4,9/10,A Technicolor Dream,"Wow, this movie was a love letter to cinema. F..."


In [36]:
def get_sentiment(review):
    blob = TextBlob(review)
    return blob.sentiment.polarity

data["Sentiment"] = data["Review"].apply(get_sentiment)
data.sort_values(by="Sentiment", ascending=False, inplace=True)
num_rows = int(len(data) * 0.1)
top_positive_reviews = data.head(num_rows)
top_positive_reviews

Unnamed: 0,Rating,Title,Review,Sentiment
13,8/10,Fun and surprisingly touching,"I was honestly doubting this movie at first, b...",0.469345
10,8/10,Barbie Is A Weirdly Fun Movie!,"8.5/10\nWhile i'm not so sure at first, the mo...",0.323642


In [37]:
# Step 2 - Sentiment Analysis with TextBlob
def get_sentiment(review):
    blob = TextBlob(review)
    return blob.sentiment.polarity


data["Sentiment"] = data["Review"].apply(get_sentiment)
data.sort_values(by="Sentiment", ascending=False, inplace=True)
num_rows = int(len(data) * 0.1)
top_positive_reviews = data.head(num_rows)
top_positive_review_content = top_positive_reviews["Review"].tolist()

# Step 3 — Summarize Positive Reviews with OpenAI
In this final step, we need to capture key information and important details in these reviews.

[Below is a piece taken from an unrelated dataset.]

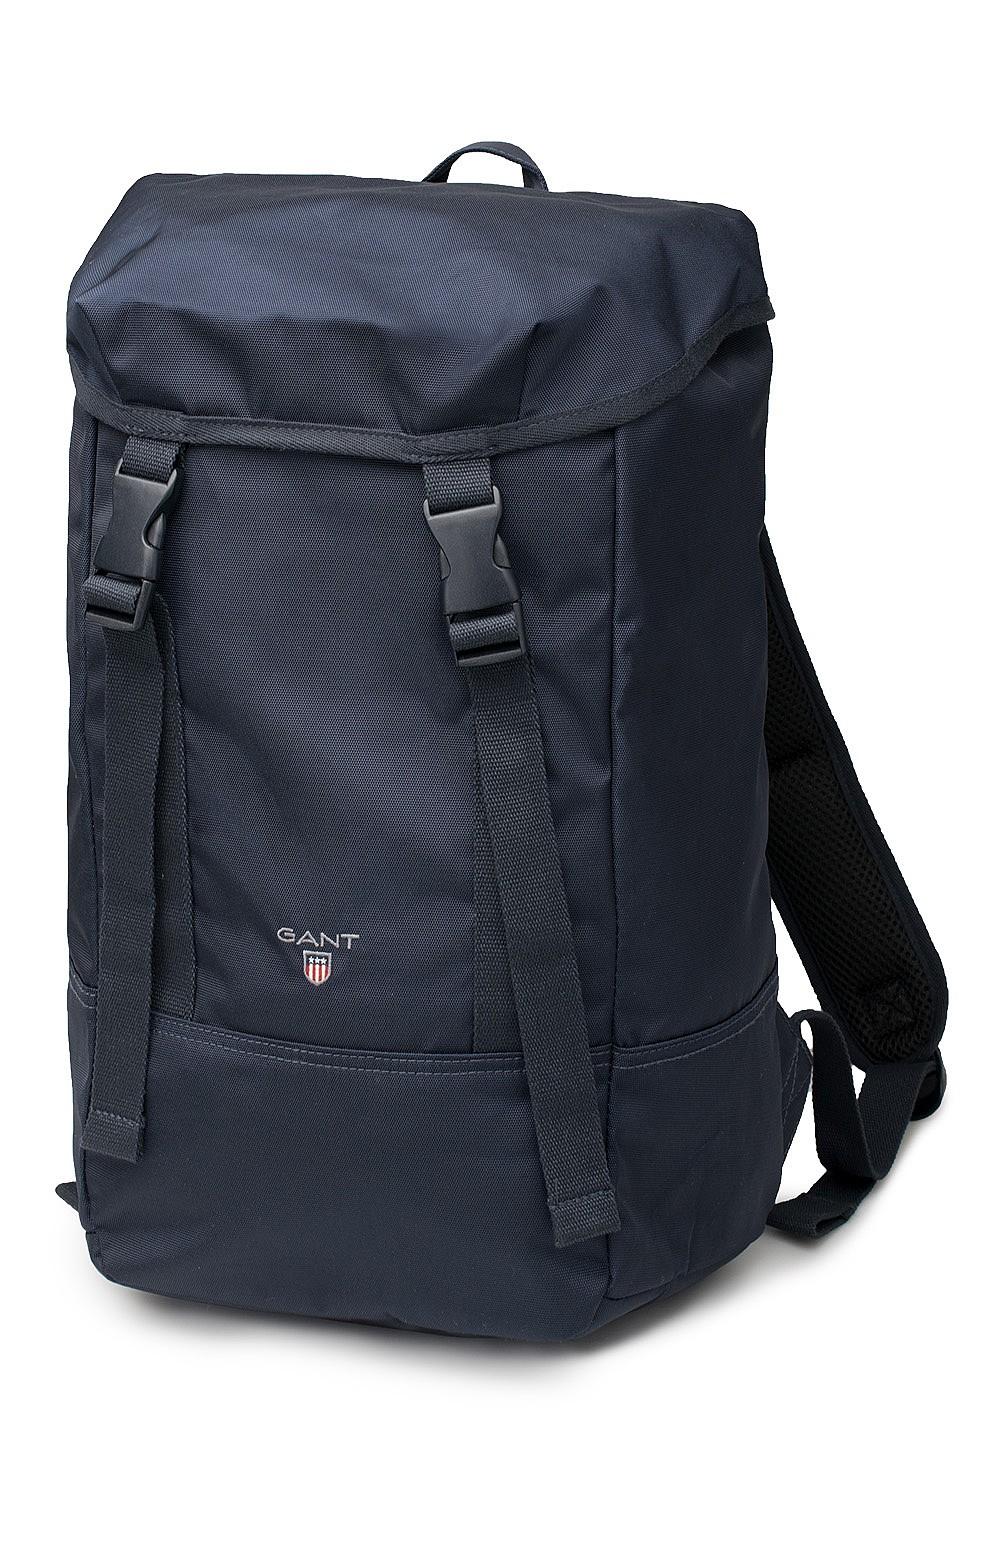 f35bbb542c Gant Original Backpack - House of Bruar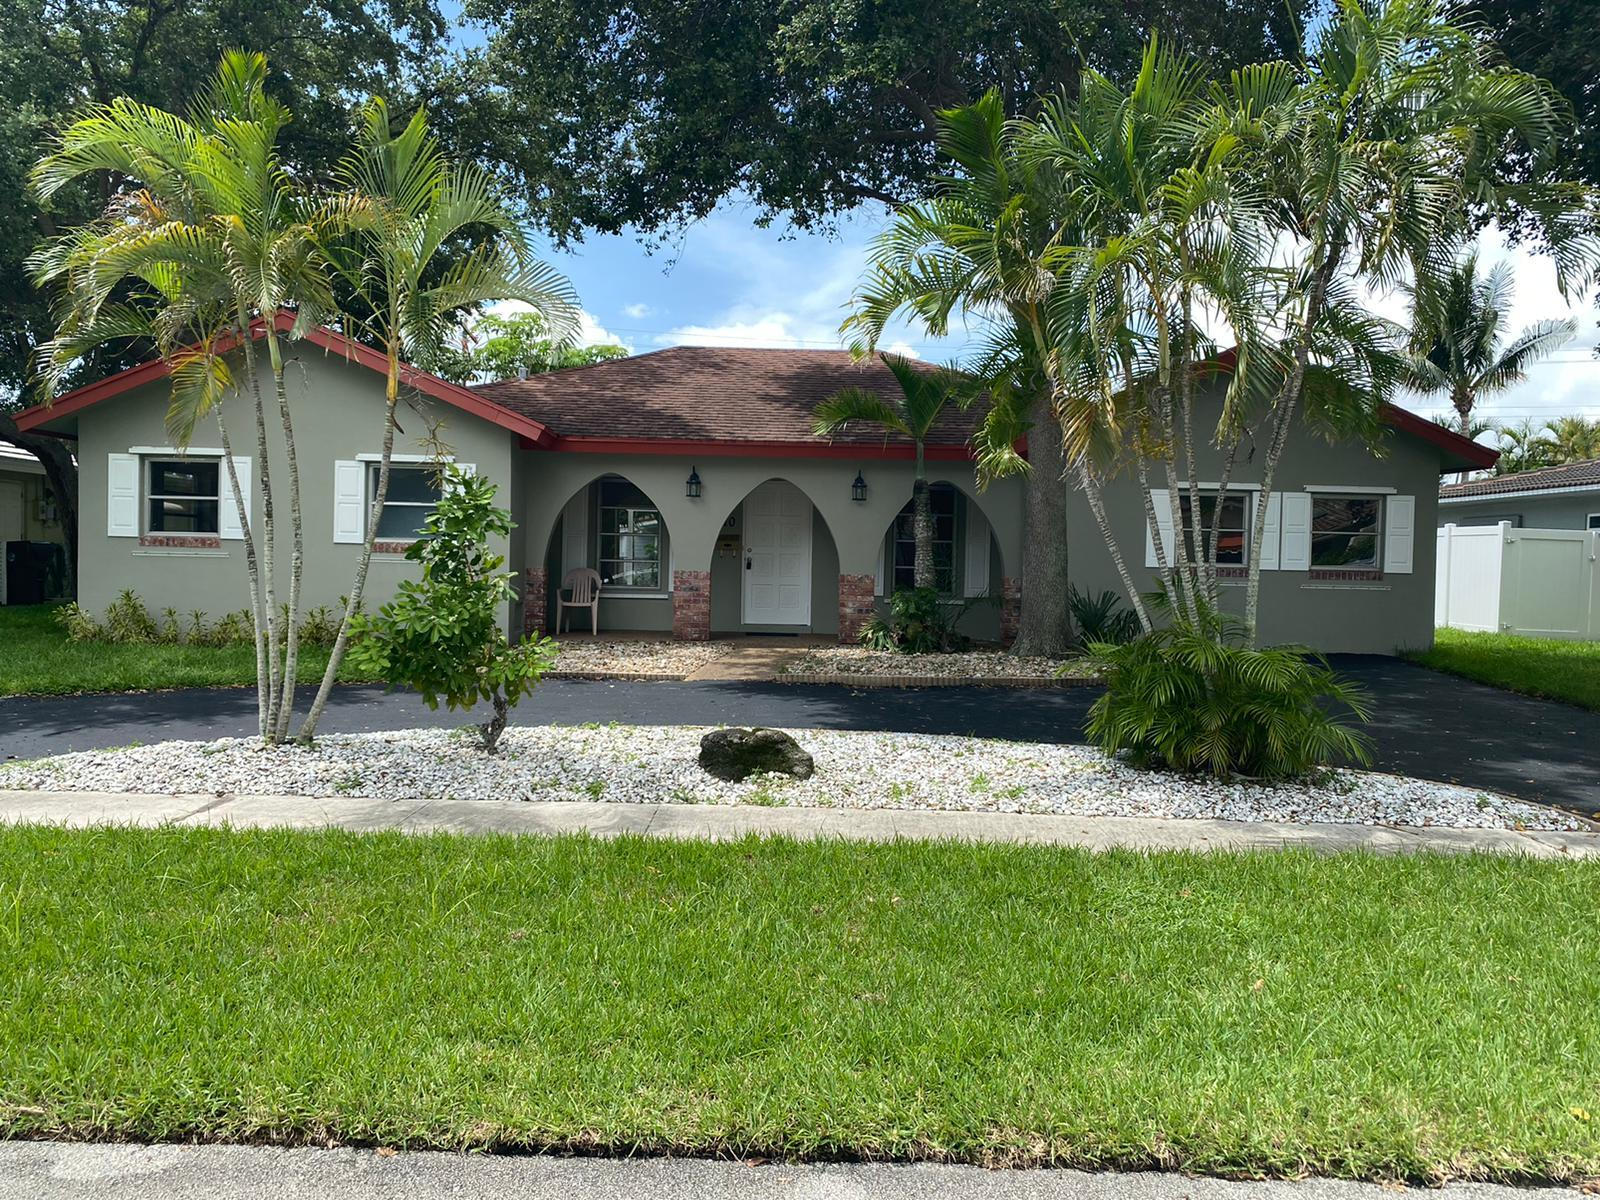 Photo of  Boca Raton, FL 33486 MLS RX-10640786

OpenAI is capable of doing this task.

-  To keep it easy to follow, the code of Step 2 is included as well.
- Note: increase the max_token if you want to have a longer summary.

In [38]:
# Step 3 - Summarize Positive Reviews with OpenAI
openai.api_key = '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' # Replace with your OpenAI API key

summary_prompts = [f'- {review}' for review in top_positive_review_content]

prompt = '\n'.join(summary_prompts)
summaries = openai.Completion.create(
    engine="text-davinci-003",
    prompt=f'Summarize the following movie reviews: \n{prompt}',
    max_tokens=350,
    temperature=0.3,
    n=1,
    stop=None,
    frequency_penalty=0,
    presence_penalty=0,
)

generated_summary = summaries.choices[0].text.strip()
print("Generated Summary:", generated_summary)

Generated Summary: This movie is a surprisingly enjoyable and heartwarming experience with eye-catching set designs and great performances from Margot Robbie and Ryan Gosling. Billie Eilish's song "What Was I Made For?" is especially beautiful and memorable. The movie is filled with creative and funny moments, with a great cast and soundtrack. It is likely to be nominated for Oscars, and is highly recommended.